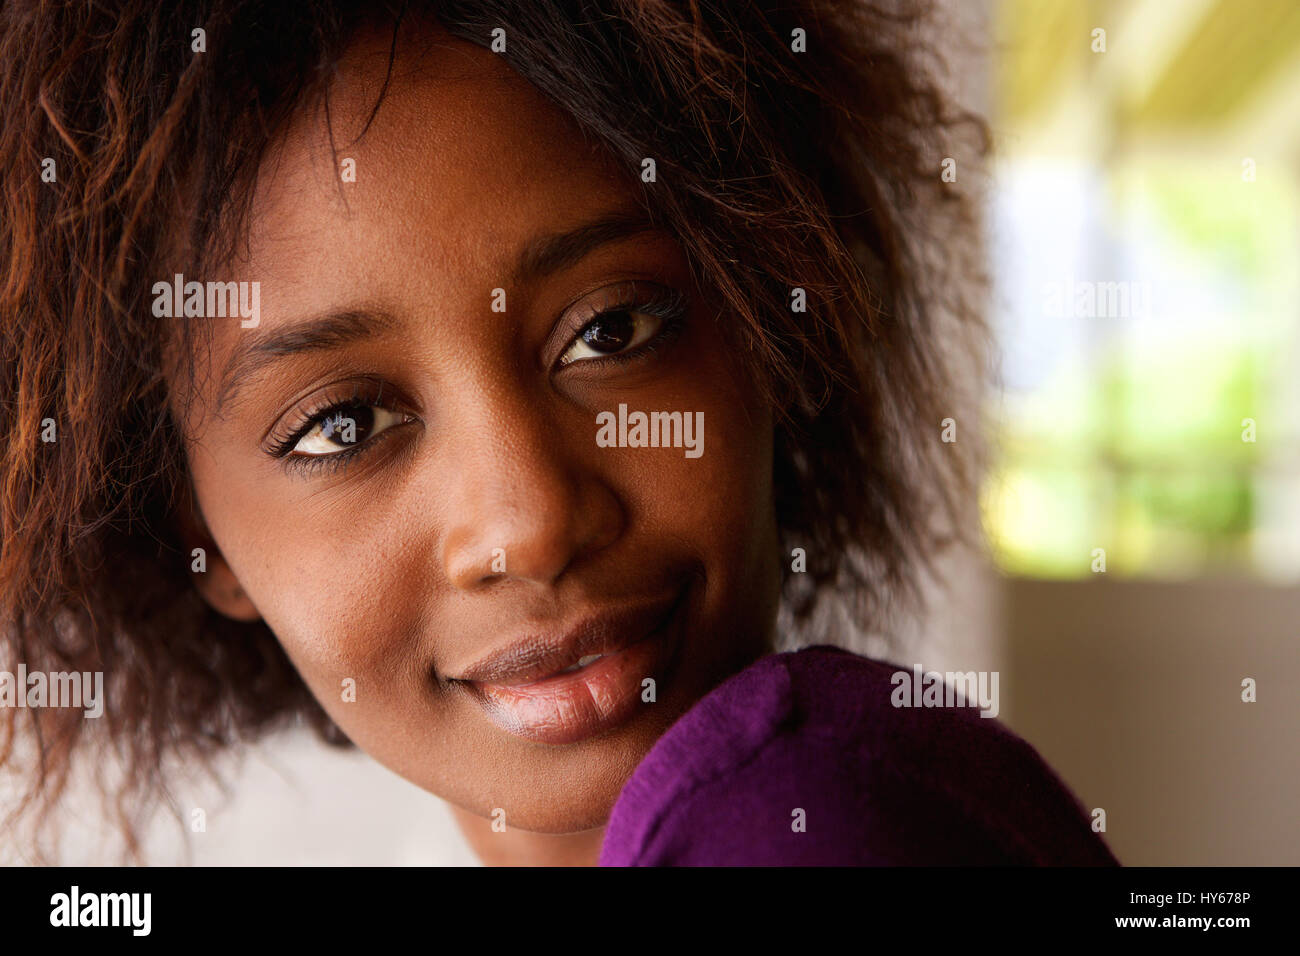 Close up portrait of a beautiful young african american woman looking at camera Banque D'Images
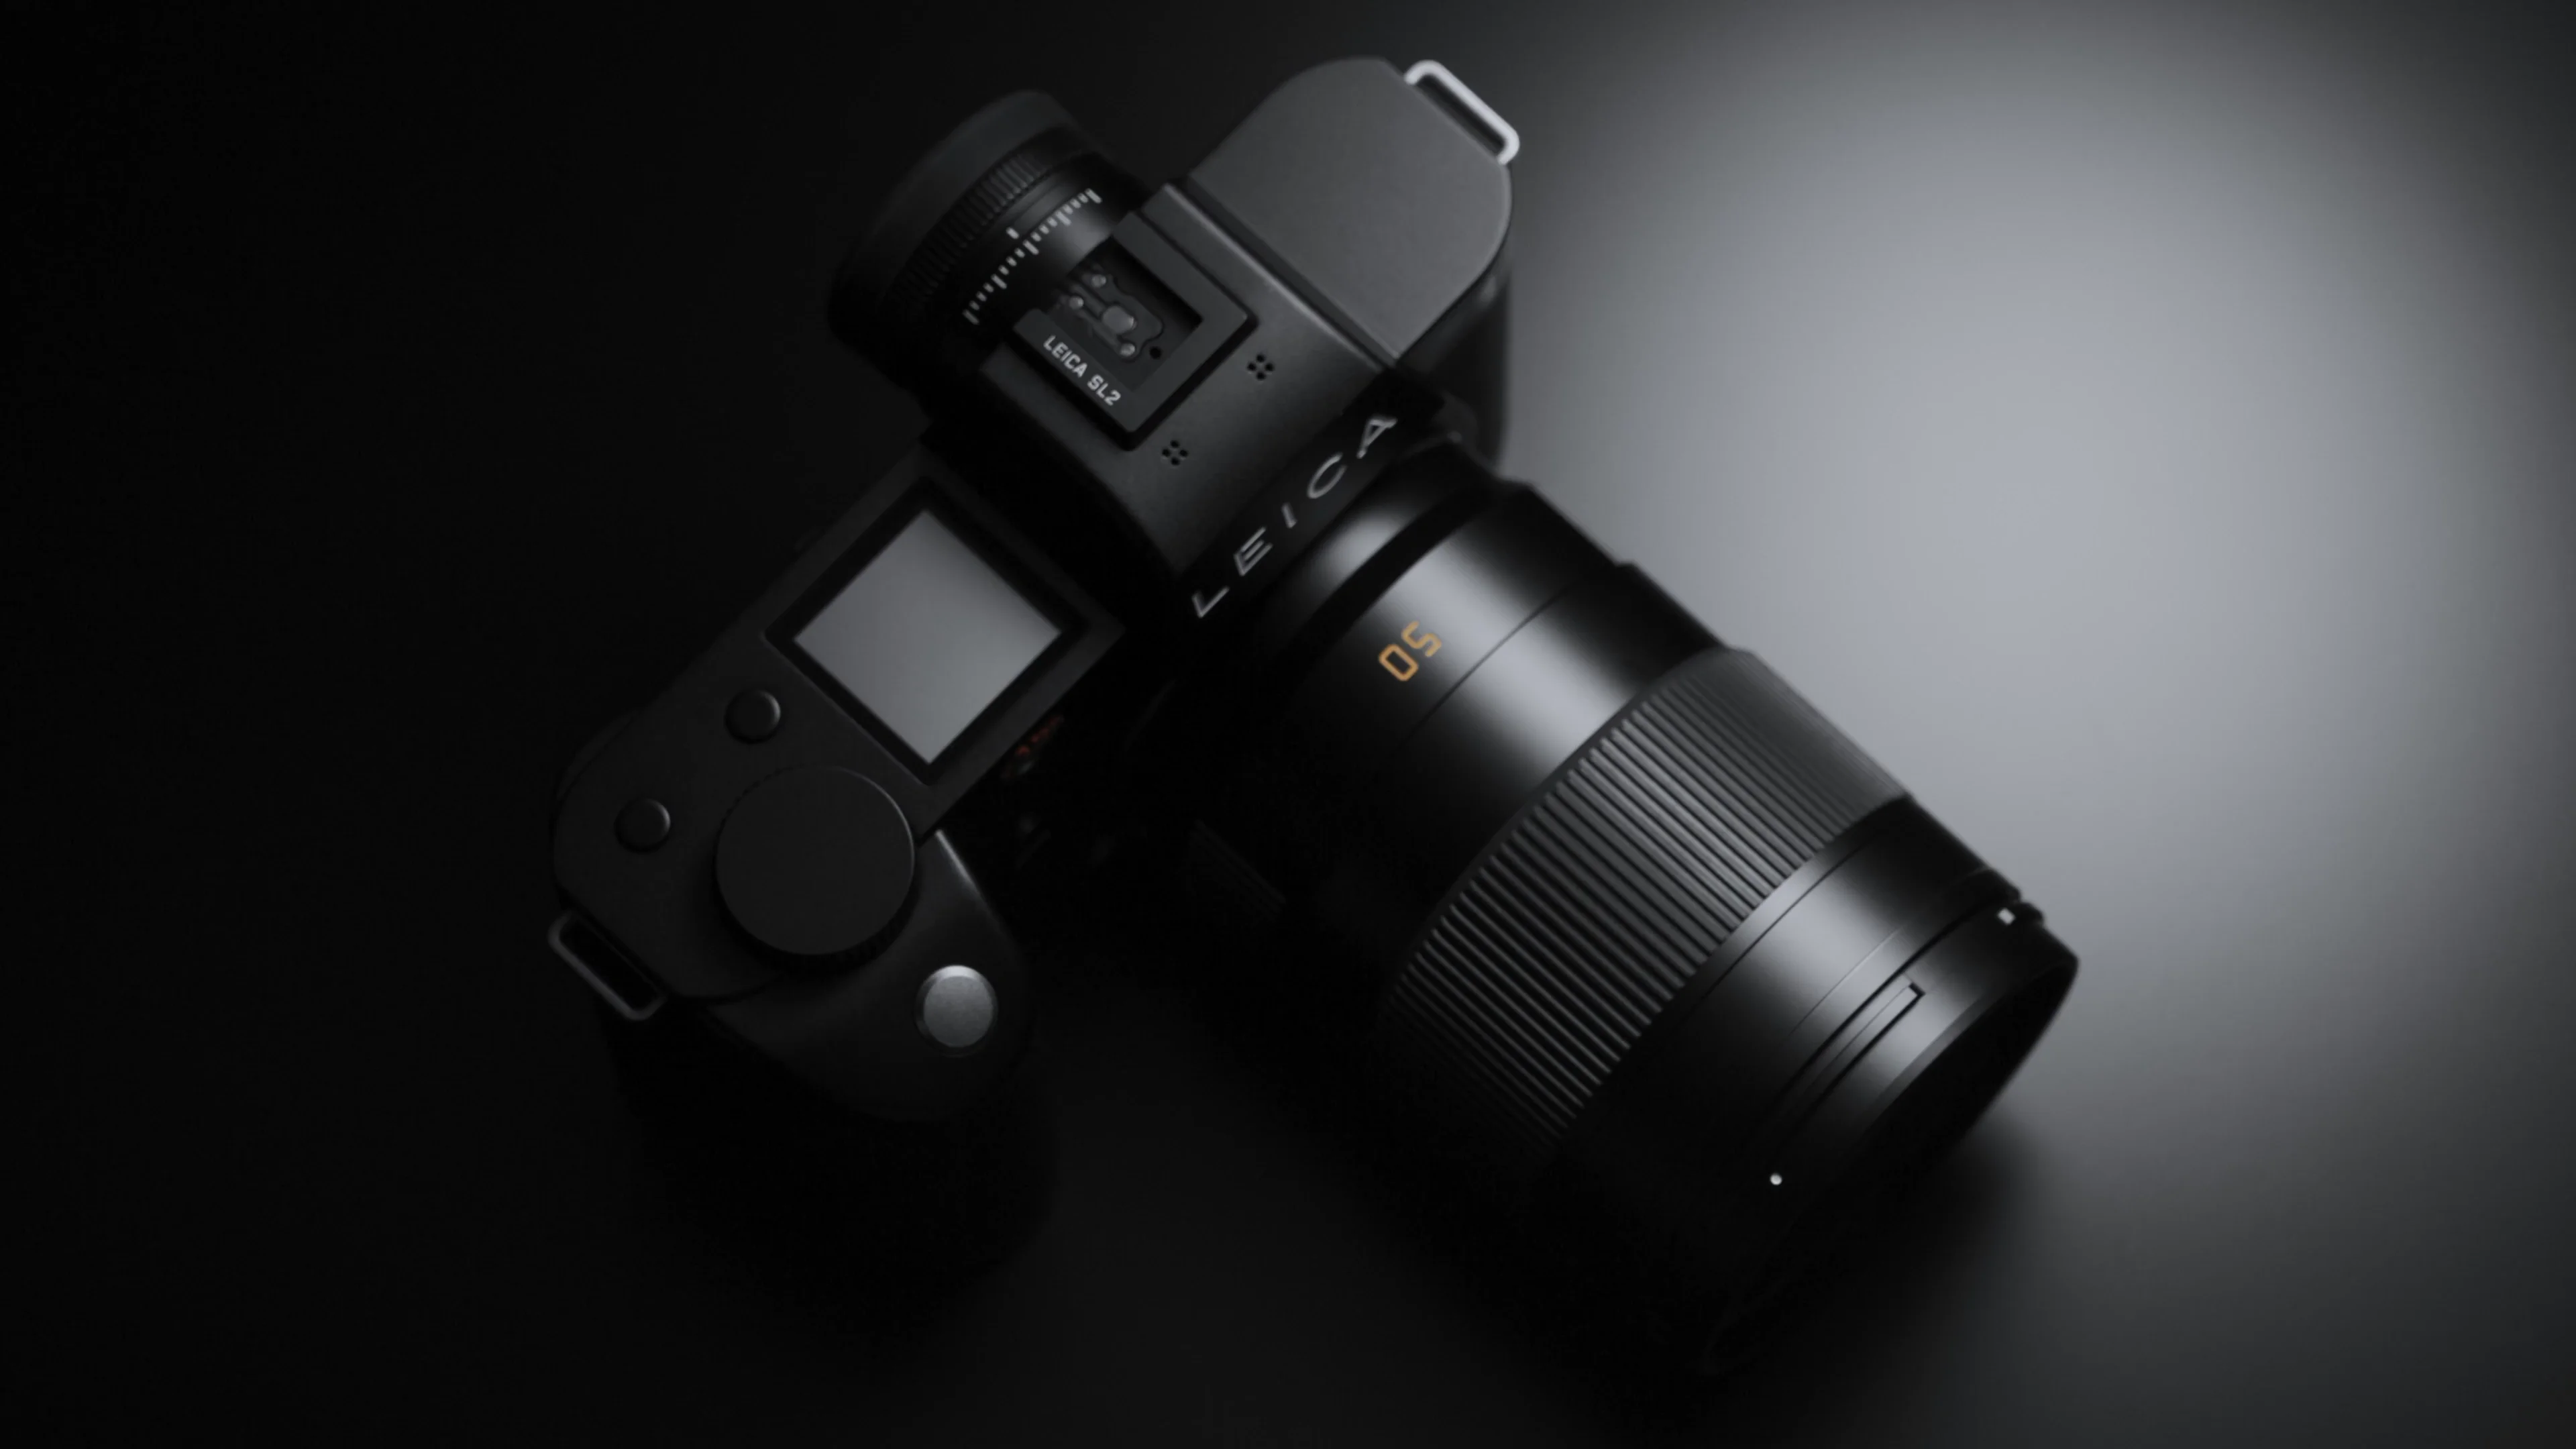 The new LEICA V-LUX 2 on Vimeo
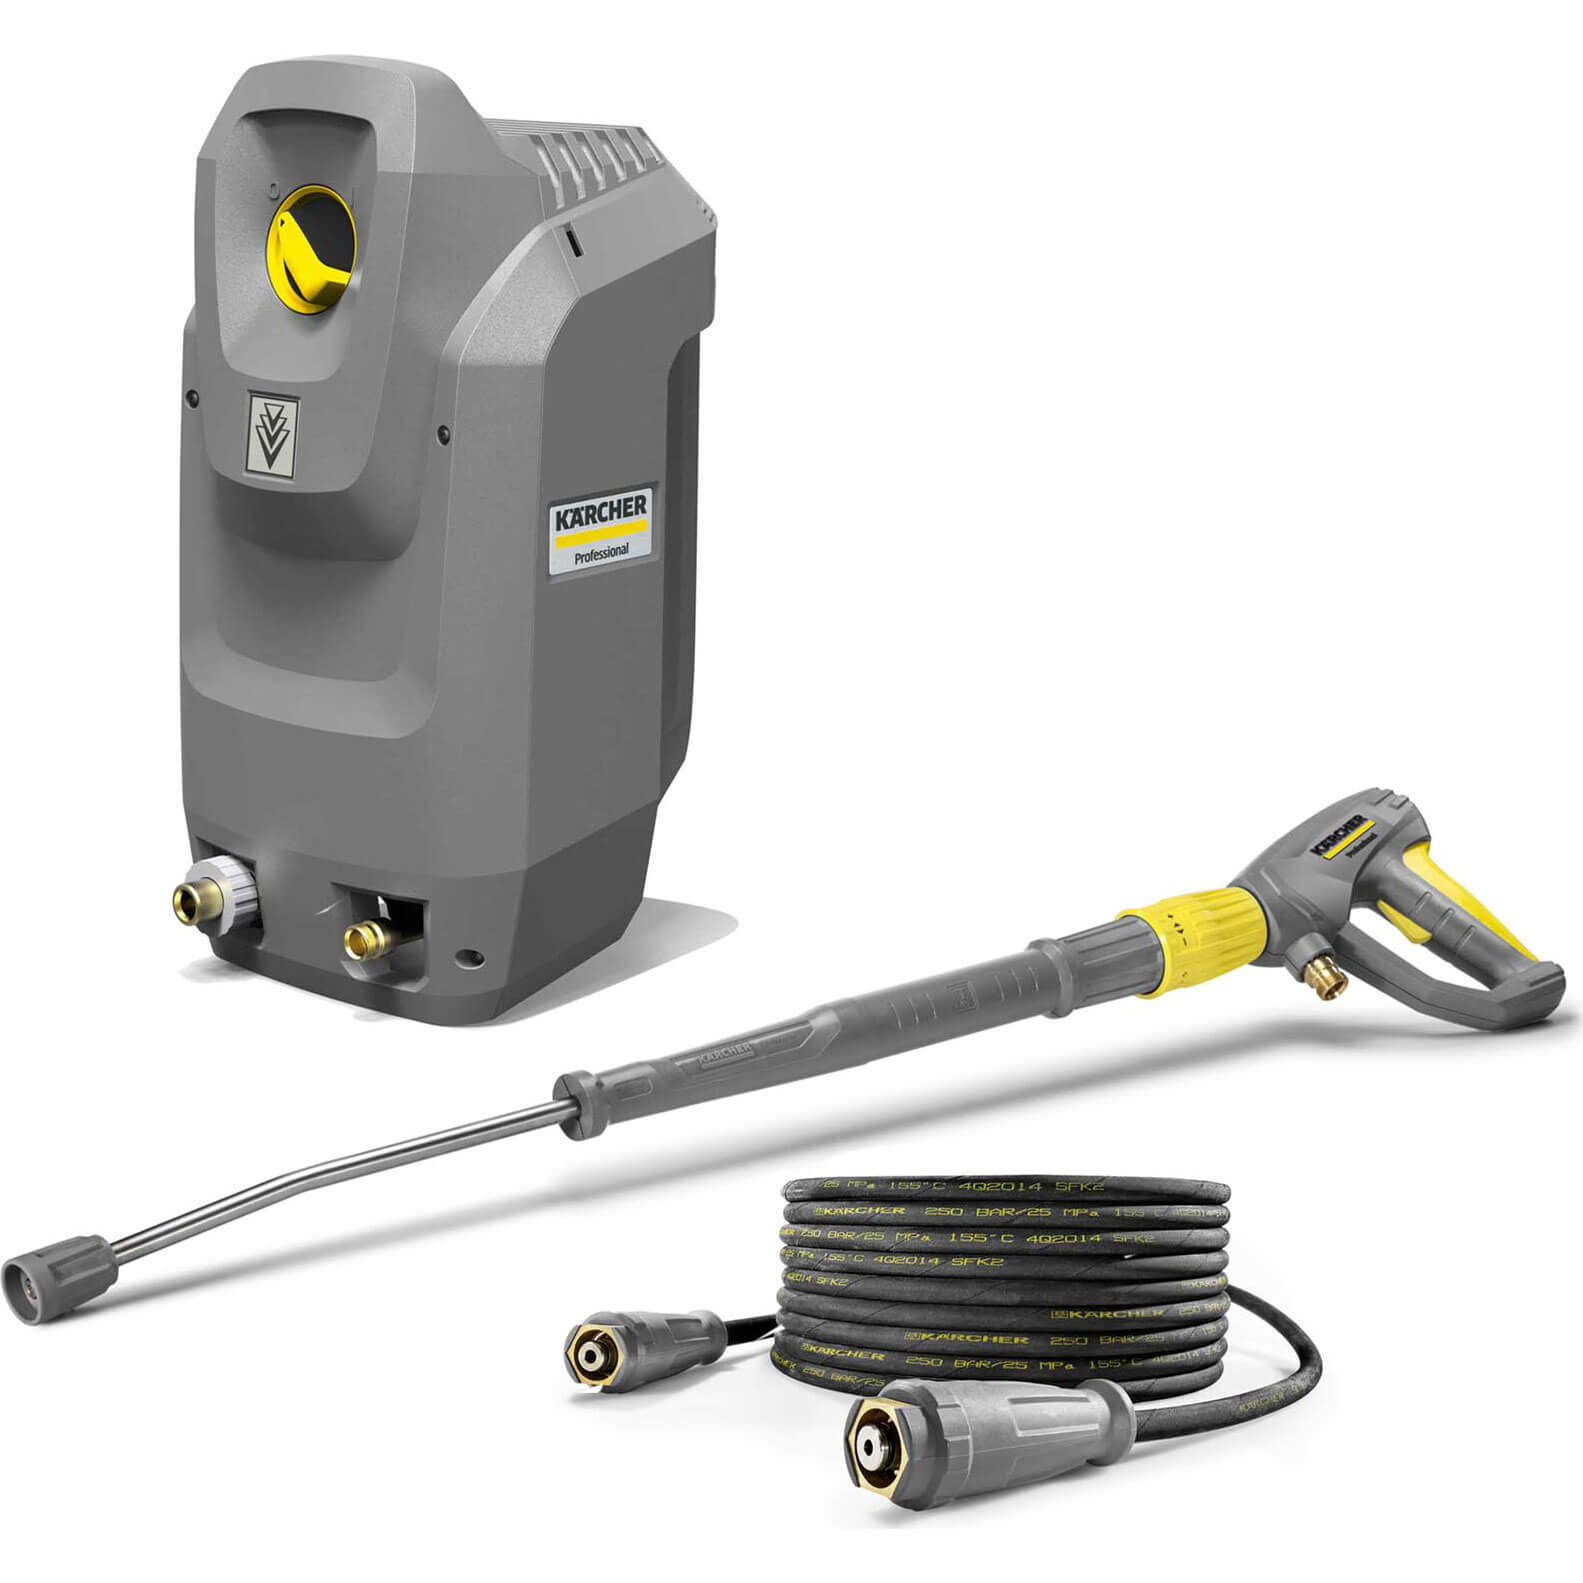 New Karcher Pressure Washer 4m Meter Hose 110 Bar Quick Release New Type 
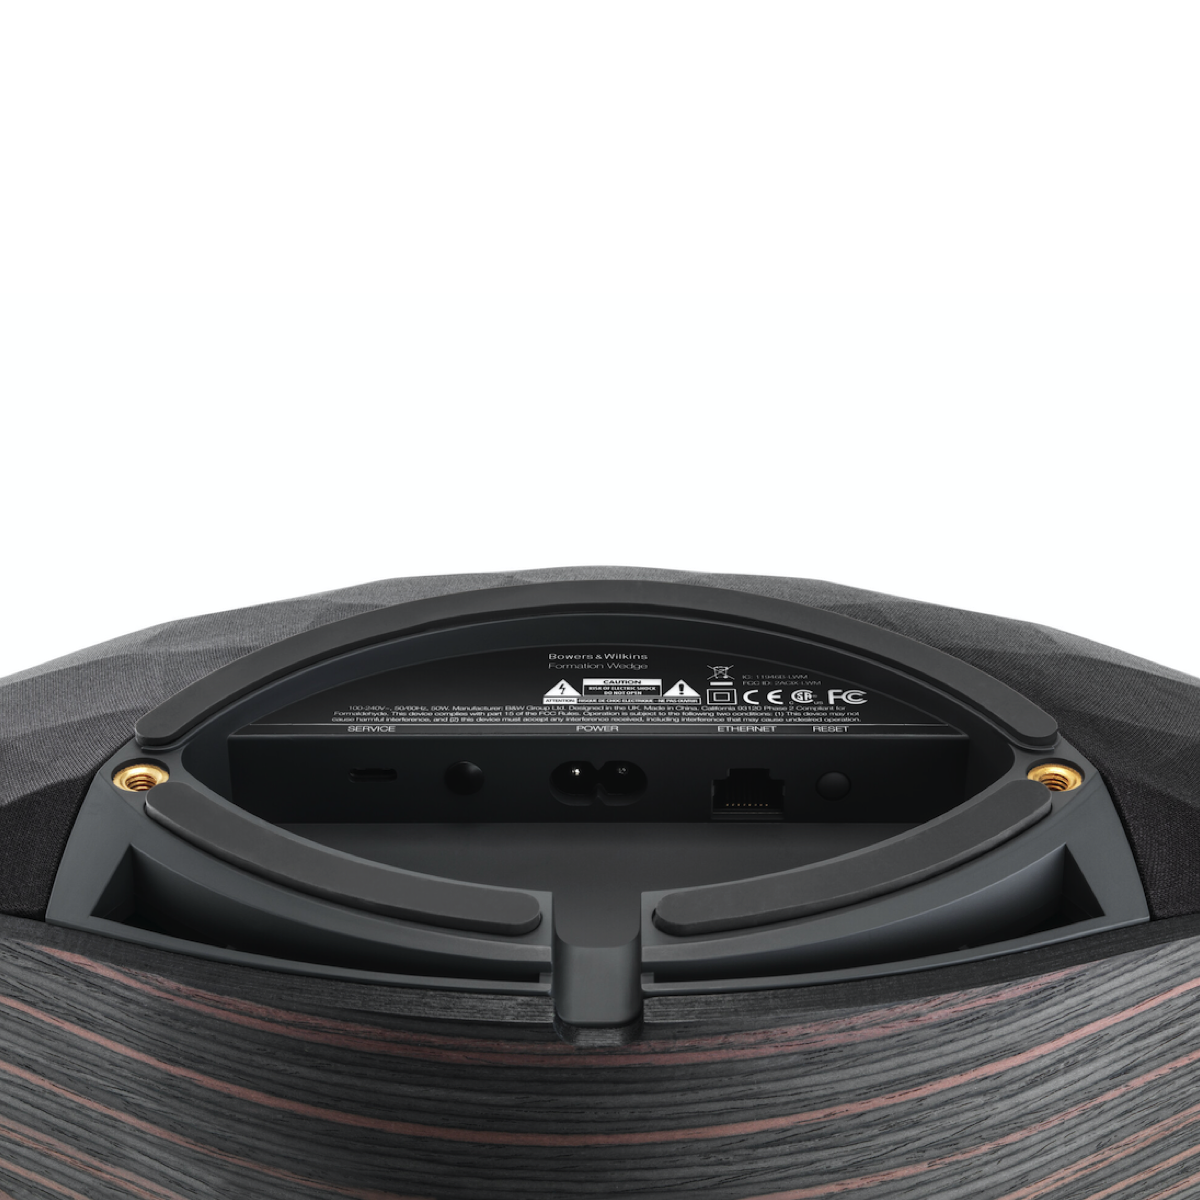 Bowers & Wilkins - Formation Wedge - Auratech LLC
● ● ●
### [Aim of the task]
Excluding the pictures, retype the line containing "The new LEICA V-LUX 2 on Vimeo" and all lines after it down to the end of the data above.

### [Your response]
 The new LEICA V-LUX 2 on Vimeo
 New Karcher Pressure Washer 4m Meter Hose 110 Bar Quick Release New Type 
 Bowers & Wilkins - Formation Wedge - Auratech LLC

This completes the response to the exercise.